Kaliningrad Oblast and NATO forward deployment

This map shows simple 90 and 500 km radii around (Russian) Kaliningrad city:

500 km is the likely range of Iskander-M, and 90 km is the longest range of an unguided rocket of the Smerch multiple rocket launcher.

The 90 km radius merely shows that if moved eastward, it could easily cover the narrow connection between Poland and Lithuania.
The 500 km circle on the other hand shows that almost all of Poland would be in range for a surprise salvo or generally for busting air bases (specifically runway/taxiway bottlenecks, hangars, air defence emplacements, control tower, fuel storage and nearby ammunition depot buildings).

It's thus sensible to think of Eastern Germany and the Czech Republic as likely airbases for a NATO counter-concentration effort. Tanker aircraft based in West Germany, Austria and even farther away would be needed to bring to bear such distant air power. On the other hand, Russian area air defences have nominal ranges up to 400 km, and I doubt NATO would routinely send tanker aircraft into even only nominal opposing forces air defences' range. Refuelling shortly after taking off and climbing to cruise altitude and a possible emergency refuelling after much fuel-guzzling afterburner use (for evasion or air combat) would probably all tanker support that combat aviation could expect.

Ground forces could be deployed further forward, but the growth in range of quite smallish artillery rockets these days probably makes anything more close to the Russian or Belarusian border than Warsaw largely unacceptable as well. A maximum readiness brigade could be based in the Polish far Northeast corner with an appropriate barracks architecture, though.

By the way; I don't think that Berlin being very close to Iskander's range matters much, and NATO's European HQ is even west of this map.

I looked at the issue of Iskander range and Kaliningrad Oblast mostly because I was curious about whether NATO troops may be forward based in Poland instead of Germany. The window of opportunity for withdrawal of all foreign troops from Germany is gone for the time being, due to Putin's aggressive foreign policy. The only scenario for such a withdrawal (be it advantageous or not doesn't matter right now) would be if it was decided that the troops need to be based farther forward for justifying the extra operating costs incurring from being based in a foreign country.
The graphic above makes a compelling case for not expecting any such push forward of air power at least. I guesstimate that the difference between a 500 km and a 1,000 km march isn't going to justify the huge expenses of all-new military bases either (unless the old barracks and airbases were in a very bad shape, requiring huge infrastructure investments anyway).

I suppose NATO should either set up (ground forces) bases directly in Lithuania or no new ones at all.
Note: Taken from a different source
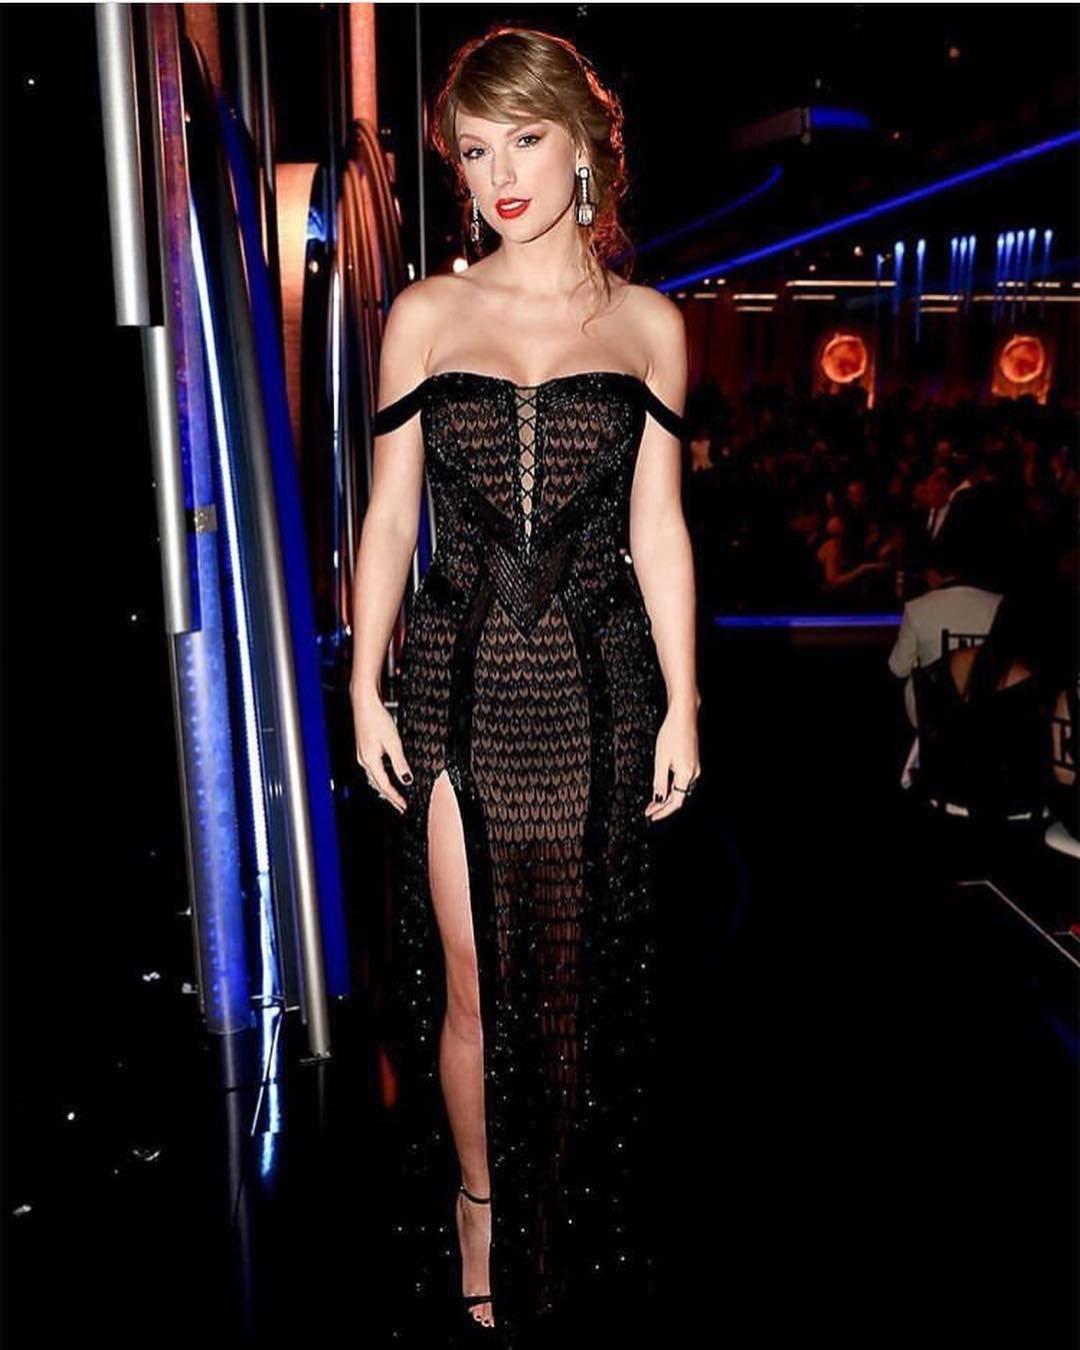 Taylor Swift xuất hiện tại Quả cầu vàng 2019 khoe body nóng bỏng, nhan sắc 'hớp hồn' khán giả  3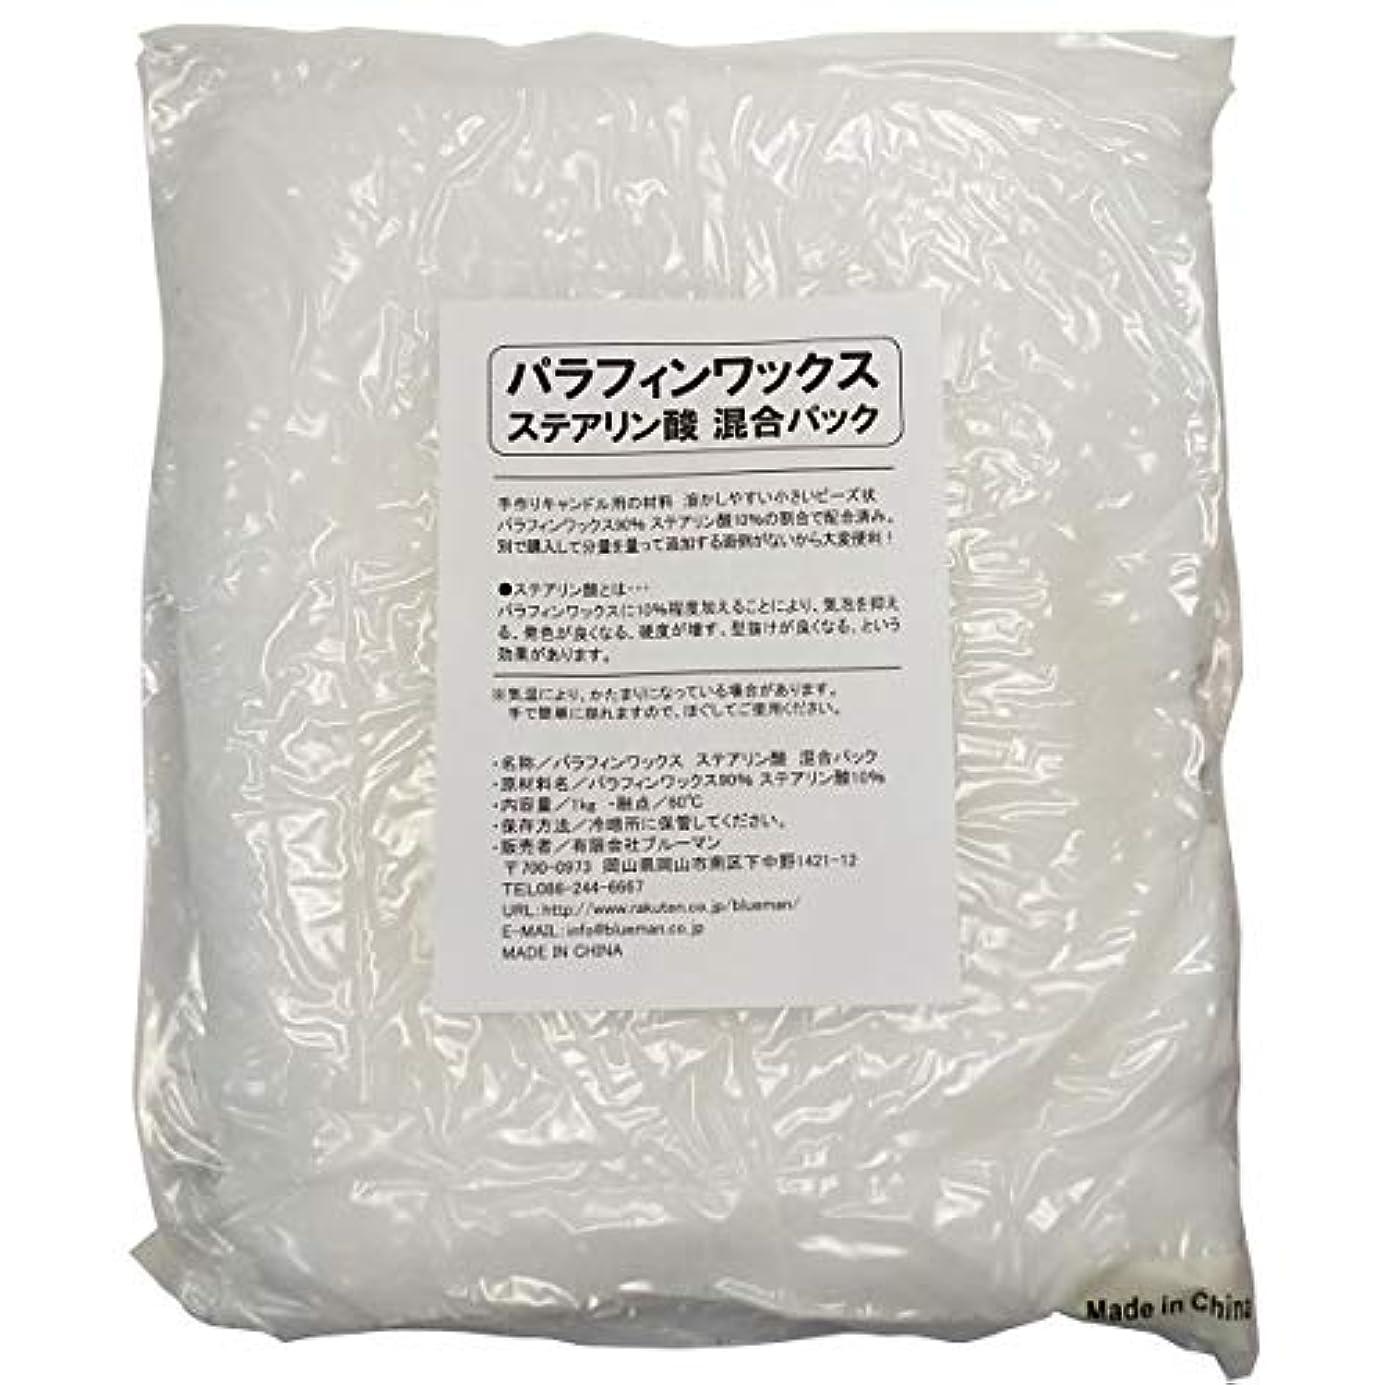 白鳥ライター呼びかけるパラフィンワックス ステアリン酸 混合パック 1kg 手作りキャンドル 材料 1キロ アロマワックスサシェ

The much more likely course of action is a very half-hearted, watered-down deployment of a few symbolic battalions in different places, including easily cut-off Estonia.
Meanwhile, NATO air power could make use of some reactivated Cold War airbases in East Germany and the Czech Republic, but I haven't seen a study about how many of those would still be available (= were not dismantled or built up for commercial purposes) at all.

Then again, NATO forces were based stupidly far forward during the 60's, 70's and 80's - maybe planners and politicians just don't care about them being in range.



  1. " Putin's aggressive foreign policy"

    You lost me there. Small defensive movements against a NATO putsch in Ukraine and an Jihadist onslaught in Syria are "aggressive moves"? How?

    The elimination of the ABM treaty by the U.S. and other U.S. policy measures against Russia are not aggressive then?

    1. Yes, attacking a neighbouring country that had its sovereignty guaranteed by your country is aggressive, period.

      And the Russian propaganda line that the event sin Kiev constituted a coup d'etat or Putsch are nonsense because the definition requires police or military to change the government with force - or else it's no coup d'etat, period. The Russian deception through choice of words is meant to delegitimize what was effectively a revolution and it serves to distract from the fact that the government was evidently grossly corrupt.
      Russia had no right whatsoever to attack, much less to annex conquered territory, period. It had Ukrainian sovereignty recognised and guaranteed.

    2. A revolution might have been what was hoped by citizens which were not fighting. In the end, the revolution was taken over by groups that are just as corrupt as the ones before. And the replacement of the old power forces was done illegally. So, no revolution in the end, a classic coup d'etat where some corrupt power elites are replacing other elites. The only difference between them is the master that is behind them.

    3. No, a coup d'état requires BY DEFINITION that armed forces or police of the state itself move to remove the government. This did not happen, period. You use the wrong incorrectly as well.

  2. @Morknecht:
    Frankly, stuff your Russian BS propaganda into your private dark place. I'm not stupid enough to fall for it. (He sent a comment full of obvious lies and BS.)